The Trieste regex engine is a header-only C++20 NFA-based matcher in include/trieste/regex_engine.h. It compiles UTF-8 regexes with a shunting-yard + Thompson pipeline and simulates them with epoch-based state deduplication.

The engine started as an iregexp-focused implementation, but now includes compatibility extensions used by Trieste parsers and rewrite helpers.

Architecture Overview

The engine processes a regex in four phases:

regex string ──► postfix runes ──► NFA ──► finalization ──► simulation
               (shunting-yard)   (Thompson)  (closures+bitmaps) (parallel)

Shunting-yard (regexp_to_postfix_runes): Converts regex text to a postfix rune stream with explicit operators.
Thompson's construction (postfix_to_nfa): Walks the postfix sequence and builds an NFA from StateDef nodes using a fragment stack.
Finalization (precompute_epsilon_closures + finalize_states): Precomputes epsilon closures (with trivial-closure detection) and populates per-state ASCII acceptance bitmaps.
Parallel simulation (match / find_prefix): Tracks active NFA states using precomputed epsilon closures and per-call MatchContext state.

Headers

Header	Purpose
`regex_engine.h`	Engine implementation (all phases, `RuneClass`, sentinels)
`unicode_data.h`	Unicode 15.1 General Category range tables + precomputed ASCII bitmaps
`utf8.h`	UTF-8 encoding/decoding, `rune_t` type definition

regex_engine.h includes both unicode_data.h and utf8.h.

Public API

RegexEngine(const std::string_view& utf8_regexp);
RegexEngine(const std::string_view& utf8_regexp, SyntaxMode mode);
bool ok() const;
size_t num_captures() const;
SyntaxMode syntax_mode() const;
bool match(const std::string_view& utf8_str) const;
bool match(
  const std::string_view& utf8_str,
  MatchContext& ctx) const;
size_t find_prefix(
  const std::string_view& utf8_str,
  bool at_start = true) const;
size_t find_prefix(
  const std::string_view& utf8_str,
  MatchContext& ctx,
  bool at_start = true) const;
size_t find_prefix(
  const std::string_view& utf8_str,
  std::vector<Capture>& captures,
  bool at_start = true) const;
size_t find_prefix(
  const std::string_view& utf8_str,
  std::vector<Capture>& captures,
  MatchContext& ctx,
  bool at_start = true) const;
SearchResult search(
  const std::string_view& utf8_str,
  size_t start_pos = 0) const;
SearchResult search(
  const std::string_view& utf8_str,
  std::vector<Capture>& captures,
  MatchContext& ctx,
  size_t start_pos = 0) const;

SyntaxMode::Extended (default) enables the full regex syntax.
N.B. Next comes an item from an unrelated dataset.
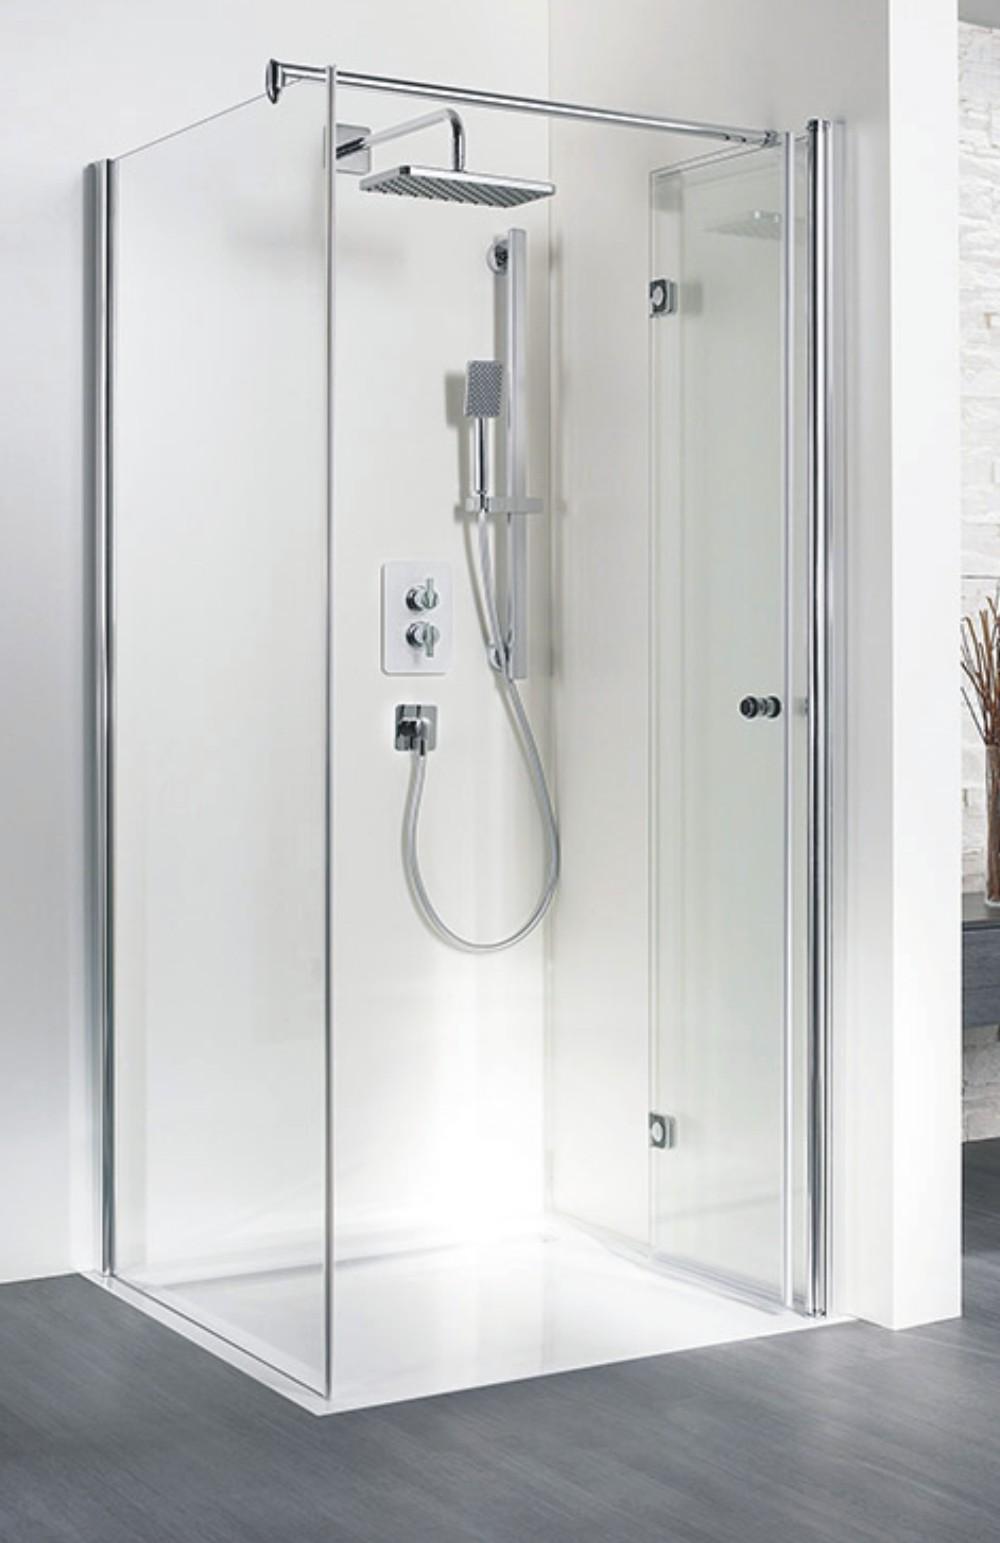 hsk duschkabine exklusiv c rechteck dusche drehfaltt r. Black Bedroom Furniture Sets. Home Design Ideas

SyntaxMode::IregexpStrict restricts to RFC 9485 iregexp.
ok() returns true when the regex compiled successfully (no errors).
match() checks full-string match for the given input.
find_prefix() returns the longest matching prefix length, or npos.
search() finds the first match anywhere in the string starting from a byte offset. Returns a SearchResult with match_start, match_len, and found(). The capture-aware overload fills group spans and reuses a MatchContext across calls. Used by TRegex::GlobalReplace.
Capture-aware find_prefix() fills group spans as byte offsets.
at_start controls whether ^ can match in this invocation. This is used by wrapper-level scanning logic (for example global replacement probe loops).
MatchContext is the reusable per-caller/per-thread scratch state for simulation and stats.

Rune Constants

All constants live in namespace trieste::regex as inline constexpr.

ASCII character constants

Named aliases for ASCII characters that have syntactic meaning in regexes:

Constant	Value	Purpose
`Backslash`	`'\\'`	Escape character
`LParen`	`'('`	Open group
`RParen`	`')'`	Close group
`Pipe`	`'	'`
`Question`	`'?'`	Zero-or-one syntax
`Asterisk`	`'*'`	Zero-or-more syntax
`Plus`	`'+'`	One-or-more syntax

Operator sentinel runes

Internal operator tokens placed in the postfix stream. Their values are in the range 0xAFFF00–0xAFFFFF, well outside Unicode, so they cannot collide with literal runes (including escaped operators like \*):

Sentinel	Value	Arity	Precedence
`Catenation`	`0xAFFF00`	Binary	2 (middle)
`Alternation`	`0xAFFF01`	Binary	1 (lowest)
`ZeroOrOne`	`0xAFFF02`	Unary	3 (highest, emitted immediately)
`ZeroOrMore`	`0xAFFF03`	Unary	3 (highest, emitted immediately)
`OneOrMore`	`0xAFFF04`	Unary	3 (highest, emitted immediately)
`Split`	`0xAFFF05`	—	NFA-only (epsilon state)
`WordBoundary`	`0xAFFF06`	Unary	Conditional epsilon (`\b`)
`LazyZeroOrOne`	`0xAFFF07`	Unary	Lazy quantifier `??`
`LazyZeroOrMore`	`0xAFFF08`	Unary	Lazy quantifier `*?`
`LazyOneOrMore`	`0xAFFF09`	Unary	Lazy quantifier `+?`
`StartAnchor`	`0xAFFF0A`	Unary	Conditional epsilon (`^`)
`EndAnchor`	`0xAFFF0B`	Unary	Conditional epsilon (`$`)
`Match`	`0xAFFFFF`	—	NFA-only (accept state)

Class-ref sentinels

A label in the range [RuneClassBase, RuneClassMax] (0xBF0000–0xBFFFFF) is not a literal rune but an index into RegexEngine::rune_classes_. This allows StateDef to remain unchanged — a class-ref is just a label value that step() dispatches differently.

Constant	Value	Purpose
`RuneClassBase`	`0xBF0000`	Start of class-ref index space
`RuneClassMax`	`0xBFFFFF`	End of class-ref index space (64K classes)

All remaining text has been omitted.